1. Introduction
Alzheimer’s disease is a progressive neurodegenerative disease in which patients experience symptoms such as impairment of behavioral and cognitive functions such as memory, comprehension, language, attention, reasoning, and judgment [
1]. Alzheimer’s is the most common form of dementia [
1]. There are three types of Alzheimer’s disease: early onset, late onset, and familial Alzheimer’s disease (FAD) [
2]. While FAD only accounts for about 25% of Alzheimer’s cases, it can provide valuable insight in the alterations in Aβ function [
3]. Alzheimer’s is currently the sixth leading cause of death in the United States. Furthermore, there was a sharp increase in the number of Alzheimer’s cases over the last two decades, emphasizing the need for an effective treatment for Alzheimer’s disease. The current treatments available only address the symptoms of Alzheimer’s but not the underlying cause.

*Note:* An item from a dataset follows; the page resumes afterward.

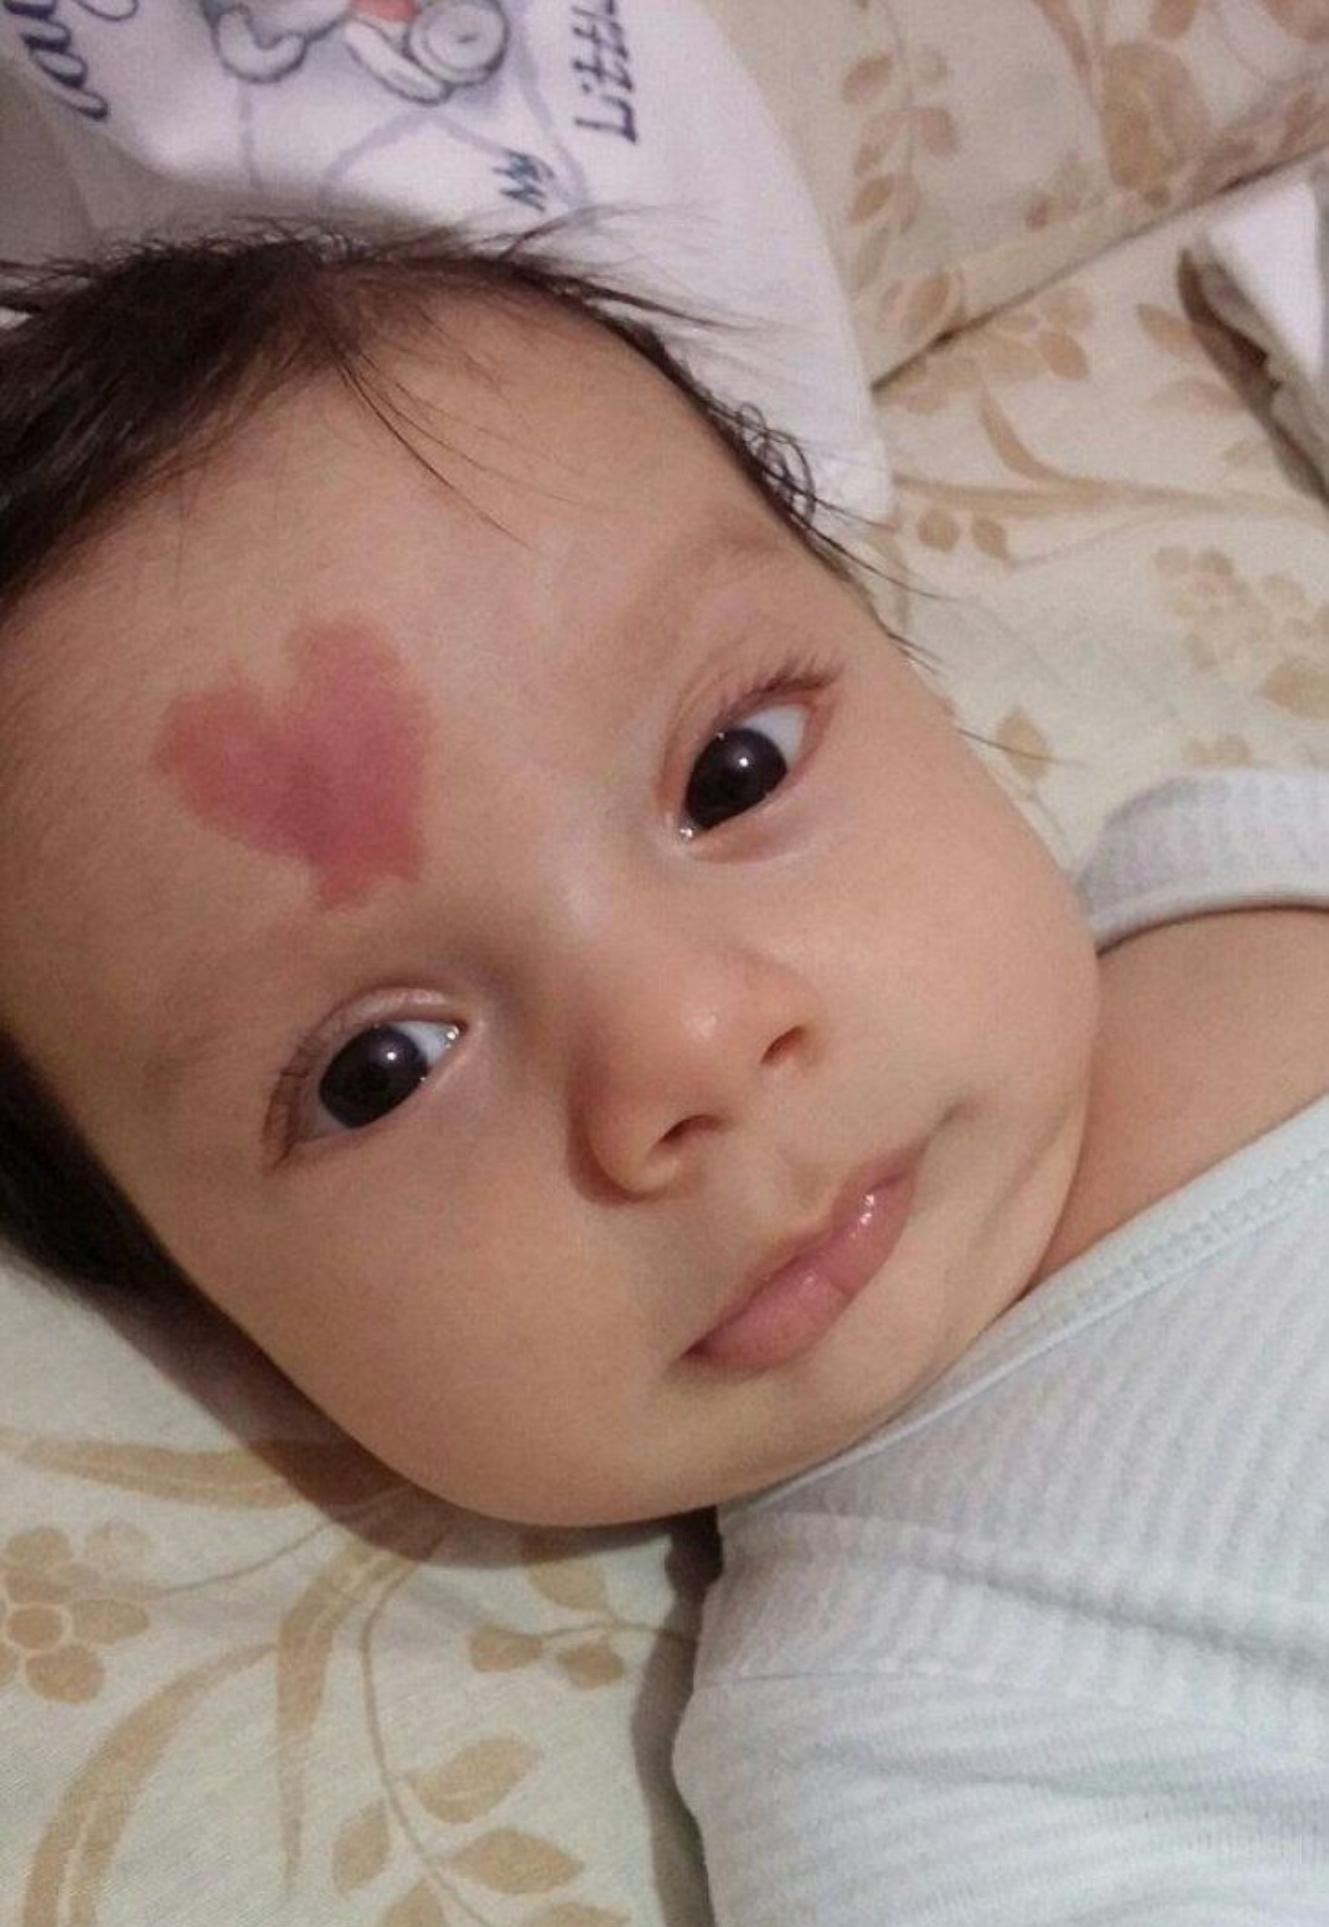 Το μωράκι της αγάπης: Γεννήθηκε με ένα σημάδι σε σχήμα καρδιάς και κάνει τους πάντες να λιώνουν μόλις το βλέπουν

Small aggregates of Aβ called oligomers are cytotoxic and are thought to play a role in neurodegeneration in Alzheimer’s disease [
4]. The oligomers can form protofibrils. Aβ protofibrils aggregate together to form plaques which disrupt the neuronal connections in the brain. Many studies have explored drug interventions to prevent Aβ aggregation [
4,
5]. However, clinical trials of anti-aggregations drugs have thus far mostly failed suggesting that researchers might consider targeting other mechanisms to treat Alzheimer’s disease [
5]. Five drugs that target Aβ to treat Alzheimer’s disease are currently in clinical trials (or have recently completed clinical trials): gantenerumab, crenezumab, solanezumab, donanemab, and lecanemab [
6]. Aducanumab very recently received accelerated FDA approval on 7 June 2021 [
7]. Donanemab has shown to improve the composite score for cognition and the ability to perform daily activities in clinical trials and has awarded FDA Breakthrough Therapy designation in June 2021 [
8,
9].
Previous studies have analyzed the relation between Aβ and Alzheimer’s to understand how the Aβ peptides aggregate and form plaques and how a drug can inhibit aggregation [
3,
10,
11,
12]. Other studies evaluate the different mutations of Aβ through different methods to generate a ranking of the different mutations based on their rate of aggregation. According to Tabaton et al., Aβ also plays a large signaling role for the BACE1 receptor. The signaling domain refers to Residues 1–8. There is a gap with the literature available in terms of the relation between aggregation and the signaling domain. This molecular simulation creates the opportunity to analyze these residues and evaluate the impact of the signaling domain on aggregation. No other molecular simulation provides the ability to specifically analyze the signaling domain. This means that this research is a novel approach to determine the importance of the signaling domain on aggregation.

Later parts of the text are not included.